The output is a formatted markdown table with aligned columns and a row count footer when results are truncated.


append_csv

Append rows to a CSV file in data/.

append_csv("jobs.csv", [
    {"title": "Software Engineer", "company": "Acme Corp", "source": "linkedin"},
    {"title": "Product Manager", "company": "Beta Inc", "source": "indeed"},
])

Rules:

  • The CSV must pre-exist with a header row. append_csv does not create files.
  • All row keys must match the existing headers exactly — unknown columns are rejected.
  • Missing columns in a row are also rejected.
  • Whitelist checks apply (see below).

How CSV Injection Works

The sub-agent gets csv_toolset — a bundle containing read_csv, append_csv, and todo — only when called through run_sub_agent().

The two call paths

User / Beat
    ├── Agent Mode ──→ run_sub_agent()
    │                       │
    │                       ├── injects csv_toolset ──→ sub_agent has CSV+todo tools
    │                       └── calls sub_agent.run_sync(prompt, toolsets=[...])
    └── Swarm Mode ──→ run_agent() ──→ spawn_sub_agents()
                                            └── calls sub_agent.run(prompt)
                                                (no toolsets= argument)
                                                → sub_agent does NOT get CSV+todo tools

Why the distinction

Mode Why CSV tools are (or aren't) injected
Agent mode One sub-agent, full task ownership. It needs to track its own plan and persist results to CSVs.
Swarm mode Multiple parallel sub-agents. CSV access from concurrent workers would cause race conditions and file corruption. The orchestrator owns the plan and synthesis.

How it's wired

In run_sub_agent():

csv_toolset = FunctionToolset(tools=[_read_csv, _append_csv, _todo])

return sub_agent.run_sync(
    prompt,
    toolsets=[csv_toolset],
    ...
)

FunctionToolset is the pydantic-ai mechanism for injecting plain Python functions as agent tools at call time. The tools are not registered on the agent itself — they're passed per-run, so they only appear when run_sub_agent() is the entry point.


CSV Whitelisting

CSV access is governed by one global variable in common_tools.py:

Variable Type Meaning
_beat_allowed_csvs list[str] \| None None = unrestricted (REPL). list = only those filenames allowed (beat).

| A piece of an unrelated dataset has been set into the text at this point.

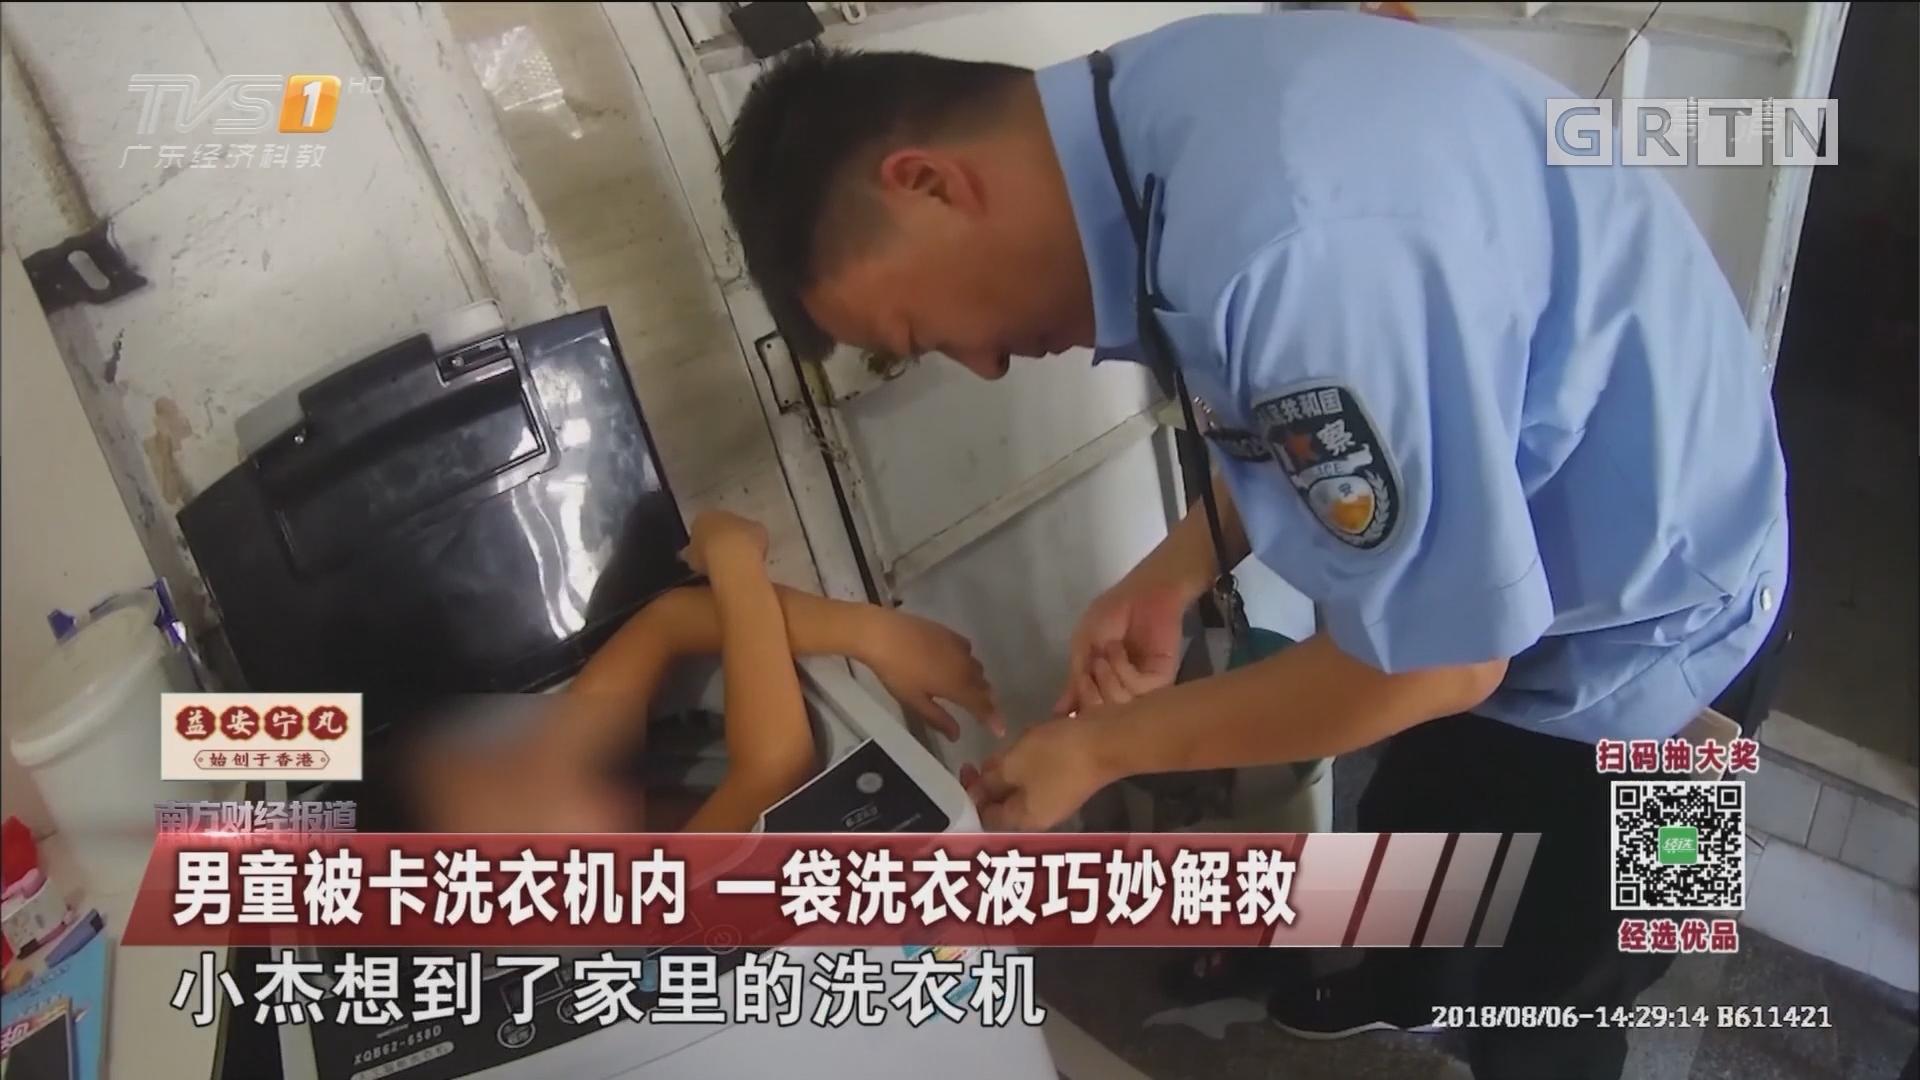 男童被卡洗衣机内 一袋洗衣液巧妙解救

In beat mode the _beat_allowed_csvs is set to a list containing all of the whitelisted csv files allowed for that beat. (configured in the beat allowed_csvs). And in REPL mode it is set to NONE which allows the access to all of the csv files.

Why whitelisting exists

In beat mode, a single misconfigured prompt could read or corrupt any CSV on disk. Whitelisting forces the user to explicitly declare which CSVs a beat may touch. The files must pre-exist with headers so the agent never creates rogue data files.


Who Always Has These Tools

Agent read_csv append_csv todo How
Main agent (orchestrator) Always Always Always (own impl) Registered with @main_agent.tool_plain at import time — permanently attached.
Sub-agent (Agent mode) Yes Yes Yes Injected via csv_toolset in run_sub_agent().
Sub-agent (Swarm mode) No No No Not injected — sub-agents are stateless workers.